Two years after the U.S. Supreme Court ruled that state courts have concurrent jurisdiction over securities class actions brought under the Securities Act of 1933 (the 1933 Act), and that such actions are not removable to federal court, Delaware corporations are increasingly addressing the “Cyan problem”—the risk to companies conducting IPOs or follow-on offerings of facing parallel, multi-jurisdictional 1933 Act class action filings—by adopting in the certificate of incorporation a provision designating federal courts as the exclusive forum for resolution of claims under the 1933 Act. The ability of a corporation to exercise control over the venue for 1933 Act litigation serves to reduce the threat of duplicative and multi-forum securities litigation, and steer 1933 Act litigation into federal courts more accustomed to addressing federal securities laws. In two recent decisions, California Superior Courts issued the first rulings applying federal forum provisions to dismiss state court class actions asserting claims under the 1933 Act, rejecting challenges that such provisions are unenforceable under California law.
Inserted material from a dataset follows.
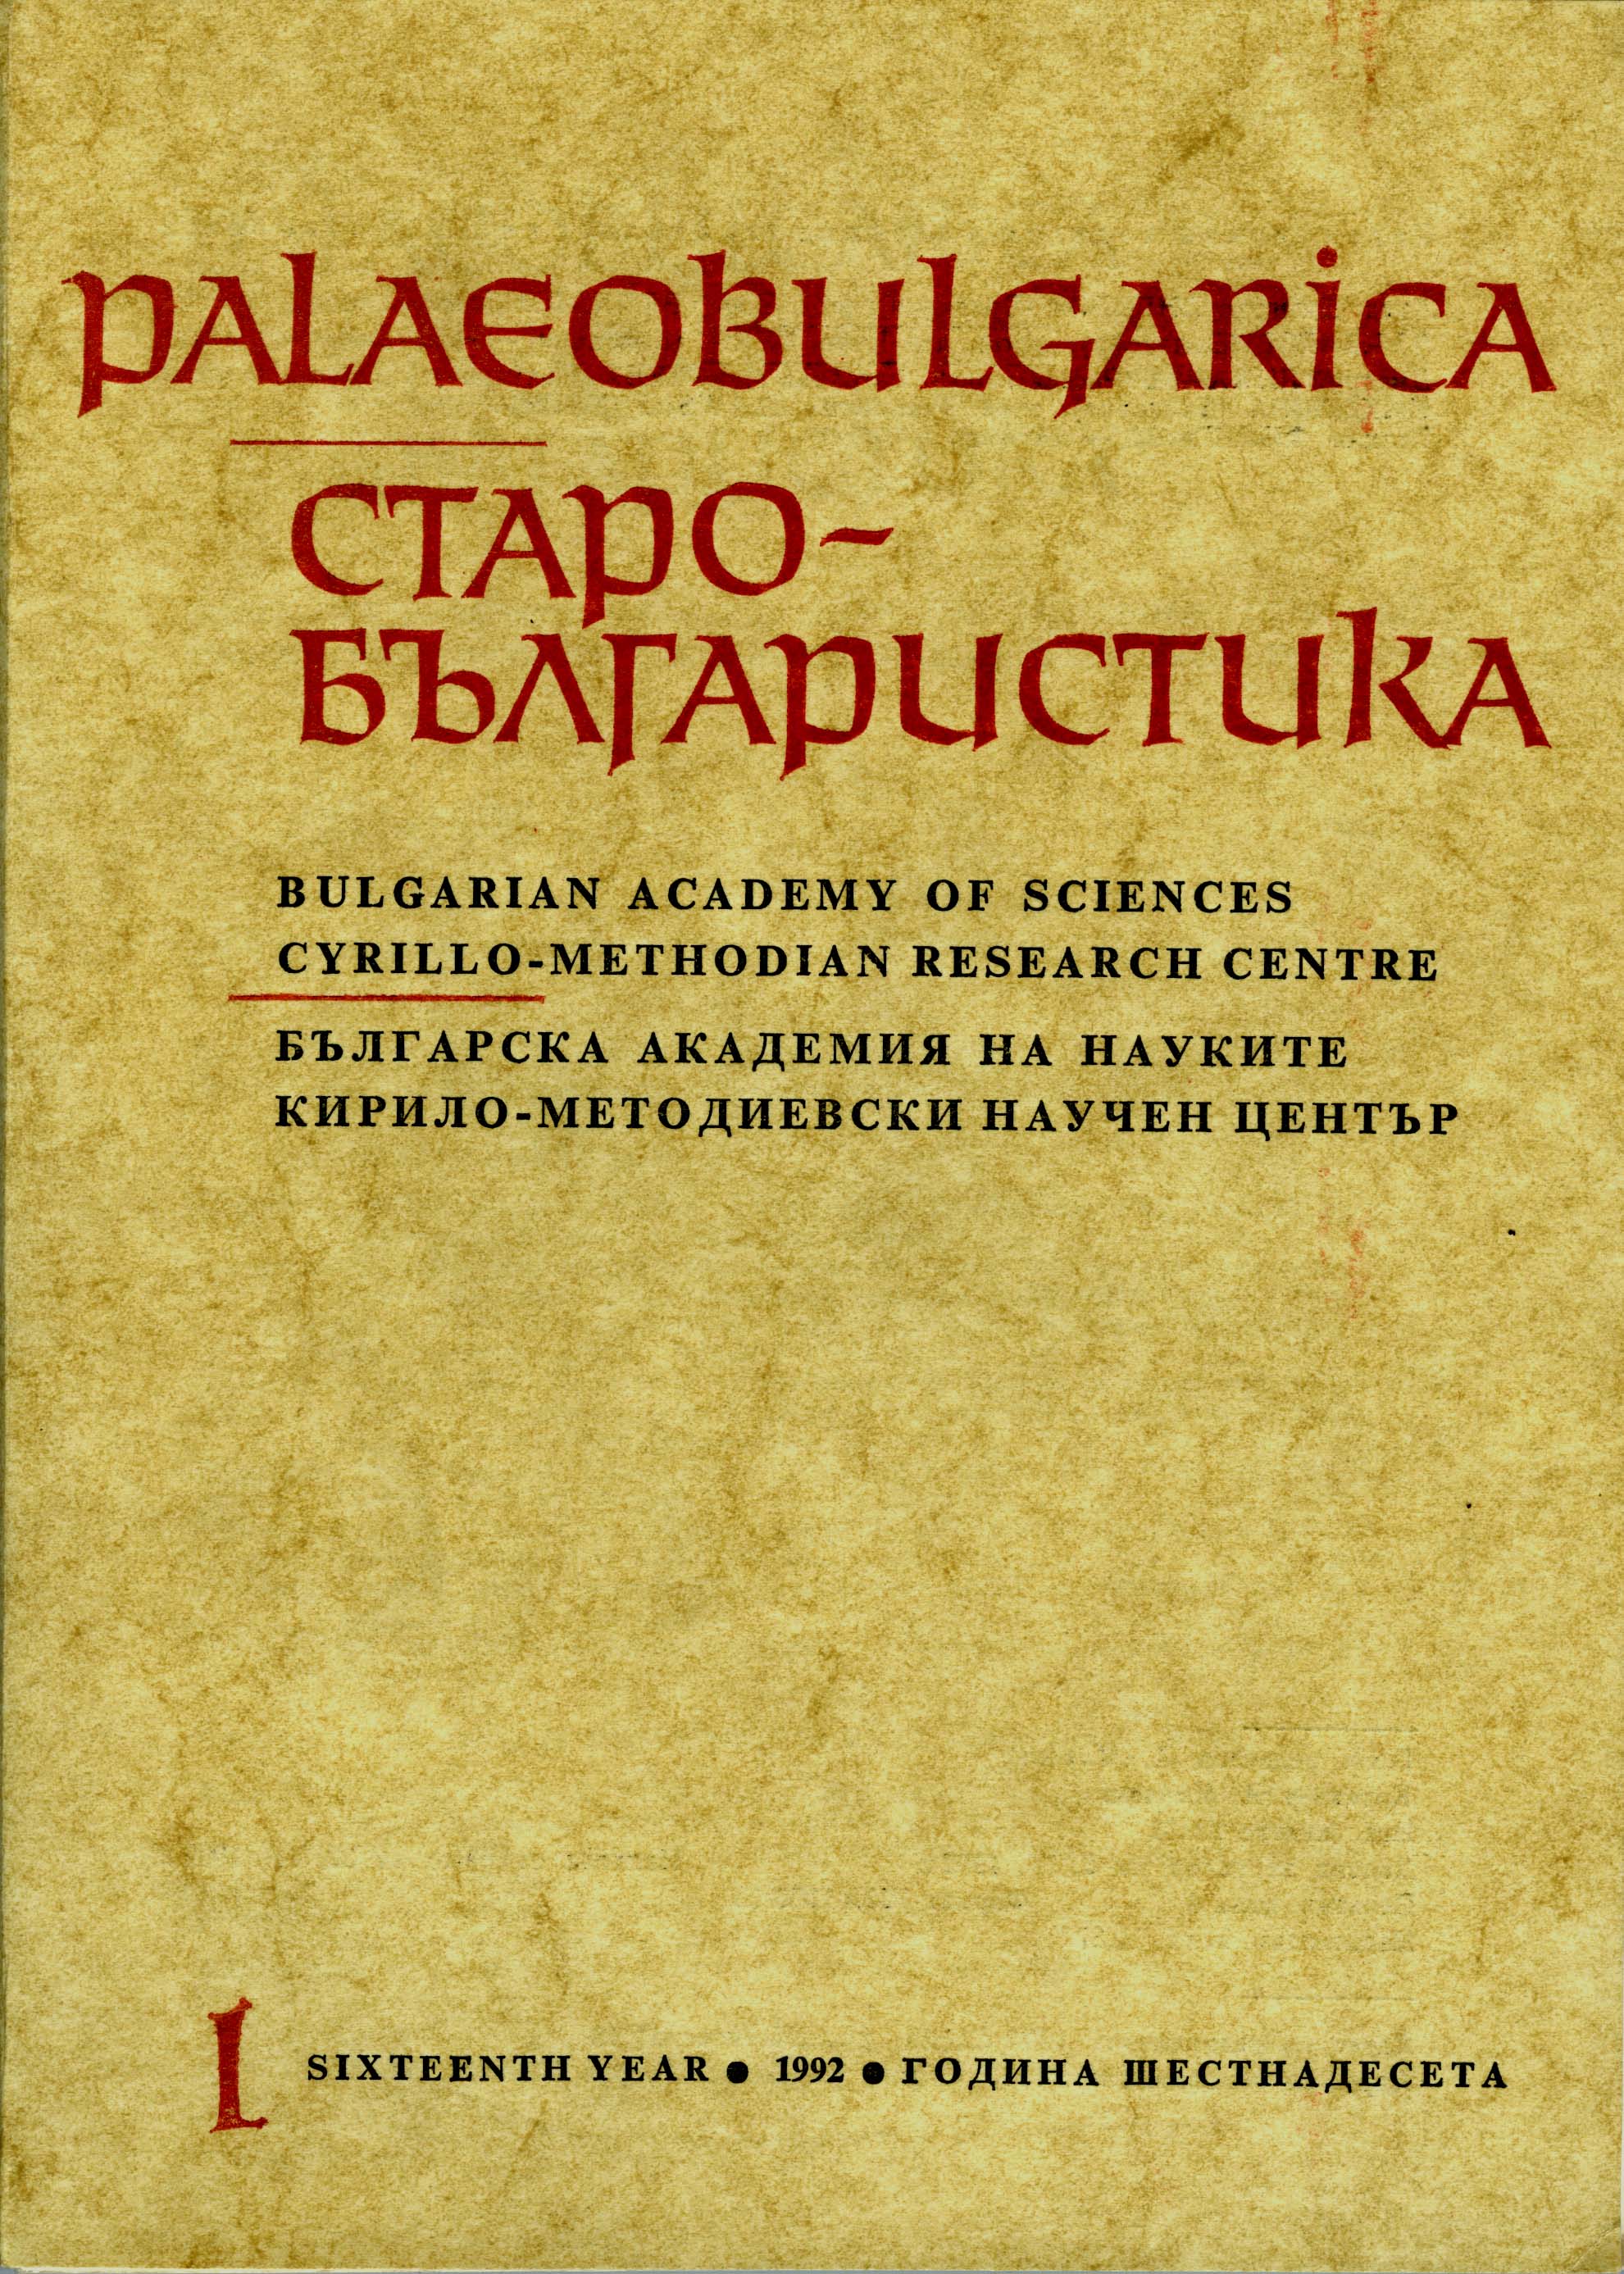 Evtimii’ Life of St. John of Rila in the Hagiographic Tradition Cover Image

State court enforcement of exclusive federal forum provisions for 1933 Act claims is the final step to issuers and other participants in securities offerings subject to the Act curbing duplicative state court litigation, and these California decisions provide important guidance toward that objective.

Background

The 1933 Act is primarily concerned with new offerings of securities. When Congress enacted the 1933 Act, it (1) created a private right of action for purchasers of registered securities to sue for false or misleading information contained in registration statements and (2) granted federal and state courts concurrent jurisdiction over 1933 Act claims by private plaintiffs and barred defendants from removing such suits filed in state court to federal court. After Congress enacted the Securities Litigation Uniform Standards Act (SLUSA) in 1998, federal courts split on whether SLUSA permits removal of state court class action claims under the 1933 Act, until the U.S. Supreme Court held in Cyan v. Beaver County Empl. Ret. Fund, 138 S. Ct. 1061 (2018), that SLUSA does not. After Cyan, the number of 1933 Act non-removable class actions filed in state court dramatically increased, along with a growing phenomenon of parallel, substantially identical 1933 Act claims filed in federal court which cannot be consolidated or sometimes even coordinated with the state court action. In an effort to curb both state court and inefficient multi-jurisdictional 1933 Act class action filings, and to reduce the risk of inconsistent state court rulings on federal securities law issues, some Delaware corporations adopted forum selection provisions in their certificates of incorporation requiring that stockholder plaintiffs bring 1933 Act claims exclusively in federal courts. In Salzberg v. Sciabacucchi, 227 A.3d 102 (Del. 2020), the Delaware Supreme Court held that a federal forum selection provision contained in the certificate of incorporation of a Delaware corporation is facially valid and enforceable under the Delaware General Corporation Law. Although Salzberg settled that federal forum provisions are valid as a matter of Delaware law, they are subject to “as applied” challenges if a company invokes the provision in state court to seek dismissal of 1933 Act claims. “As applied” challenges typically assert that application of a specific forum selection provision would be unreasonable under the circumstances or would contravene the public policy of the state in which the action is brought.